Abstract:Large Language Models (LLMs) have recently showcased remarkable generalizability in various domains. Despite their extensive knowledge, LLMs still face challenges in efficiently utilizing encoded knowledge to develop accurate and logical reasoning processes. To mitigate this problem, we introduced Hint-before-Solving Prompting (HSP), which guides the model to generate hints (e.g., specific knowledge or key ideas) for solving the problem and then generate solutions containing intermediate reasoning steps. Since HSP is orthogonal to prompting methods (e.g., Chain-of-Thought (CoT)), we applied HSP to CoT, Least-to-Most, Plan-and-Solve, and Standard promptings.
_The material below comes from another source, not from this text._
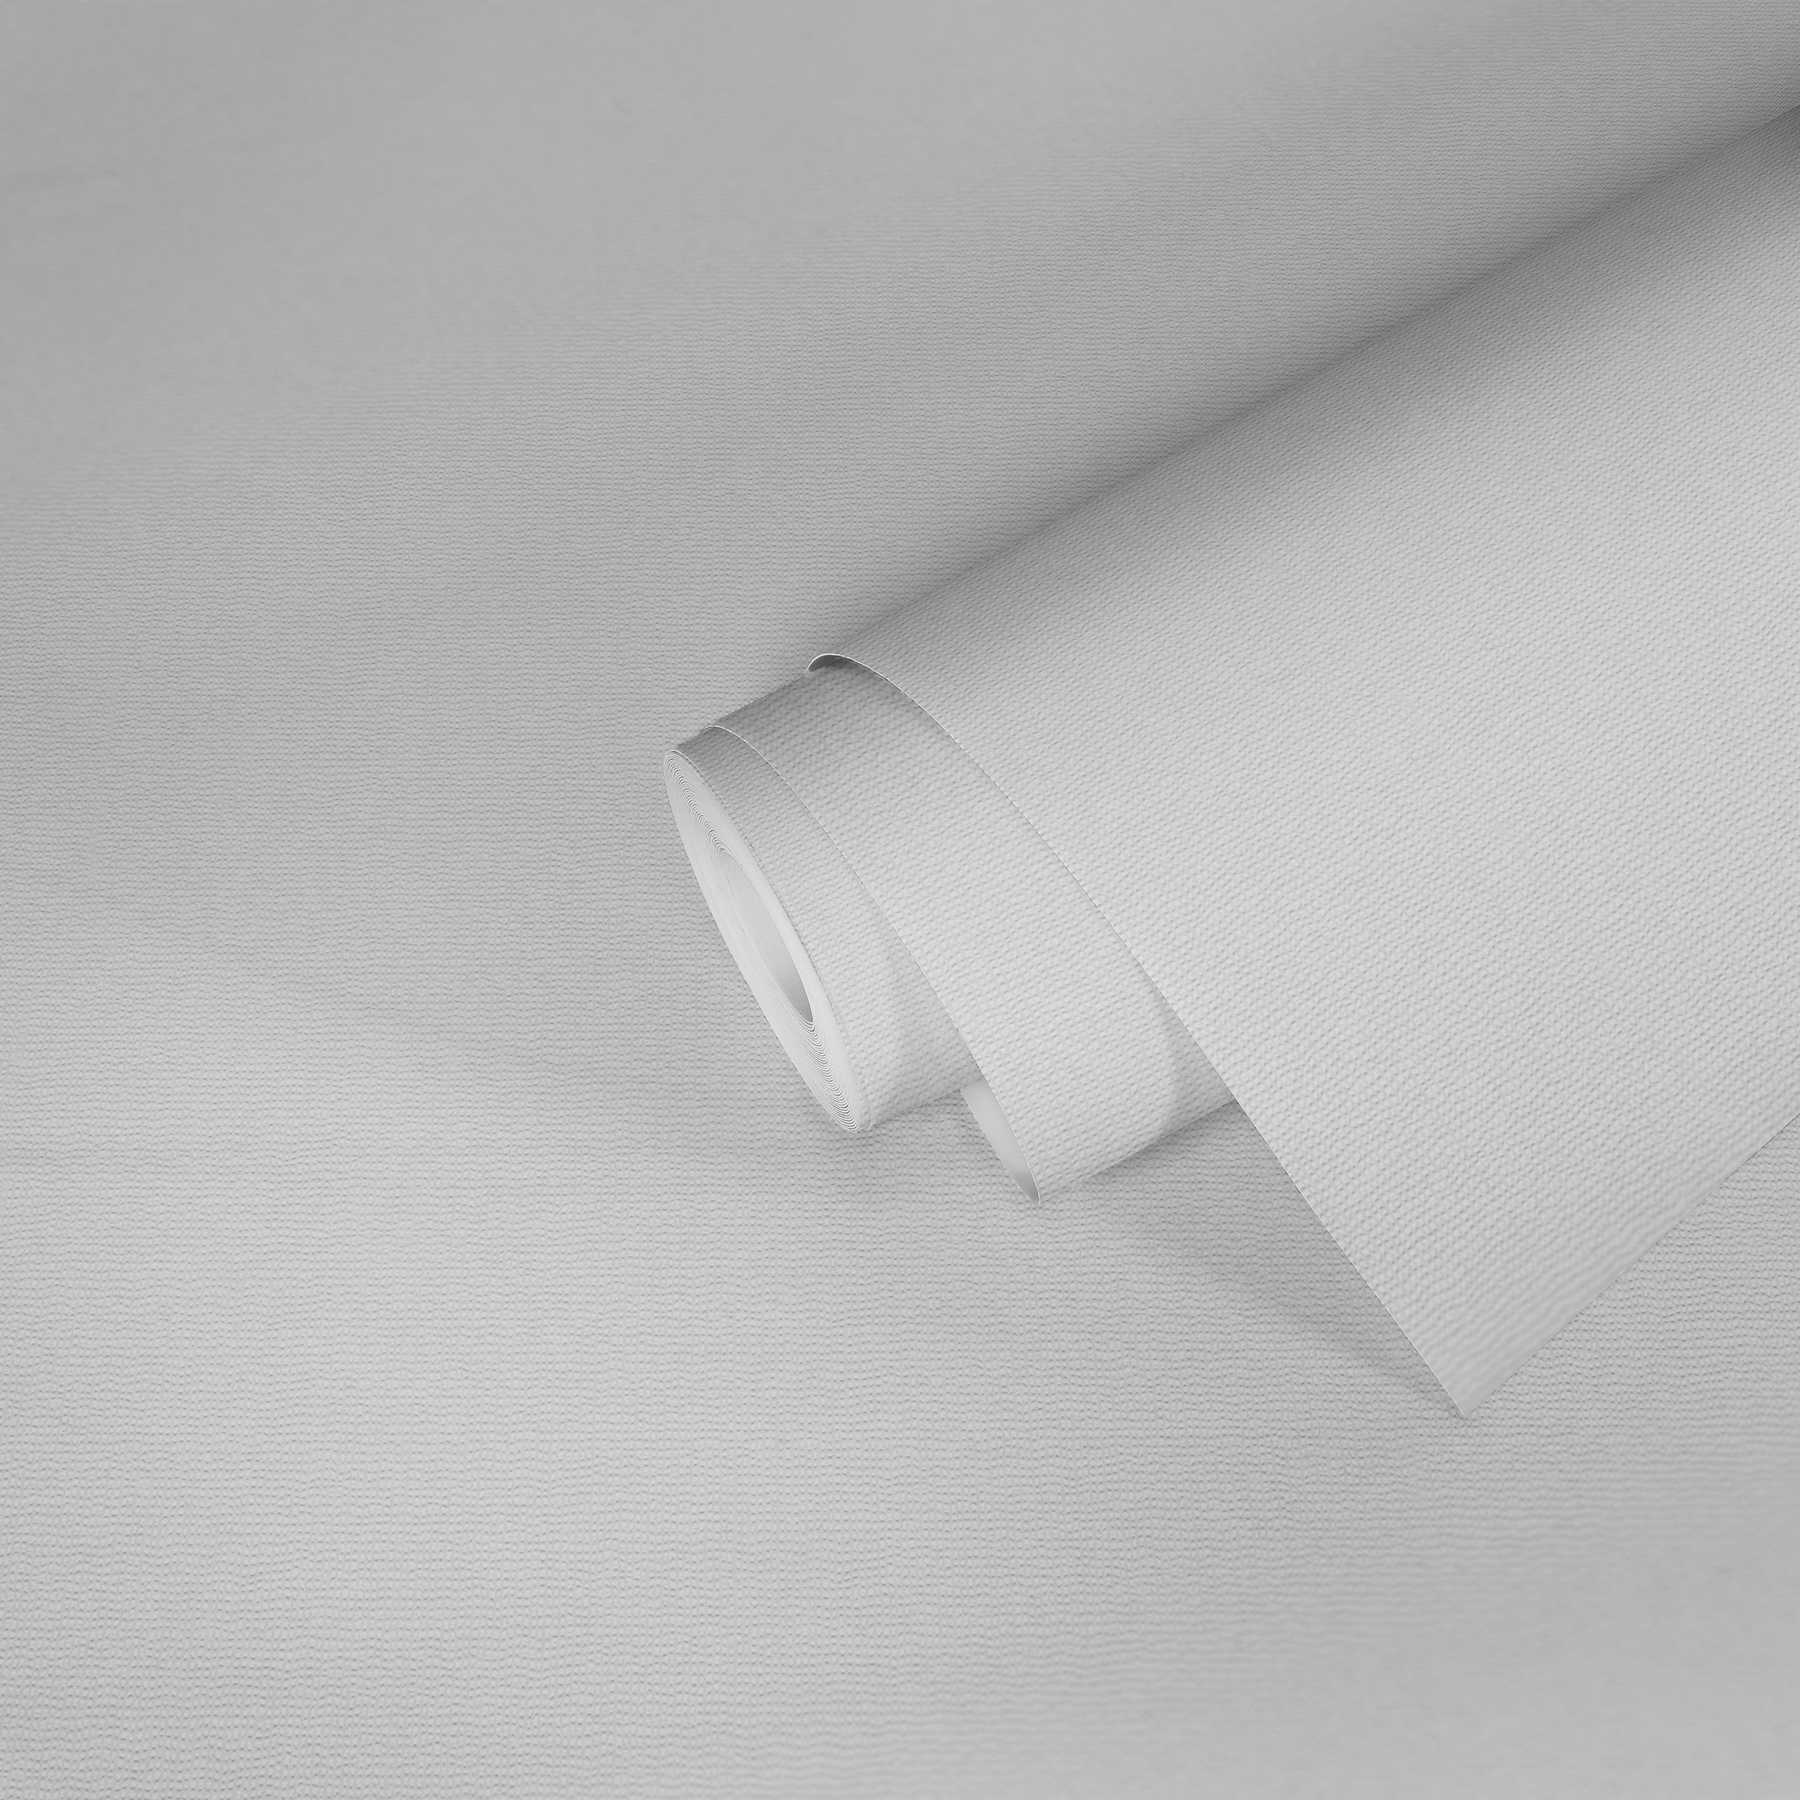             Pigment Tapete Vlies in Weiß mit flacher Texturoberfläche

The results of extensive experiments on 6 reasoning benchmarks and 4 open-source LLMs demonstrate that HSP can effectively improve the accuracy of reasoning tasks: (1) By applying high-quality hint-enhanced HSP to CoT prompting, Llama2-70B-Chat shows an improvement of 9.7. (2) Beyond exploring training-free LLM capabilities, we built the HSPMATH dataset based on HSP and fine-tuned Llemma-7B, reaching 64.3 accuracy, surpassing GPT-3.5 and WizardMath-13B. We make our code and dataset publicly available at \url{https://github.com/jinlanfu/HSP}.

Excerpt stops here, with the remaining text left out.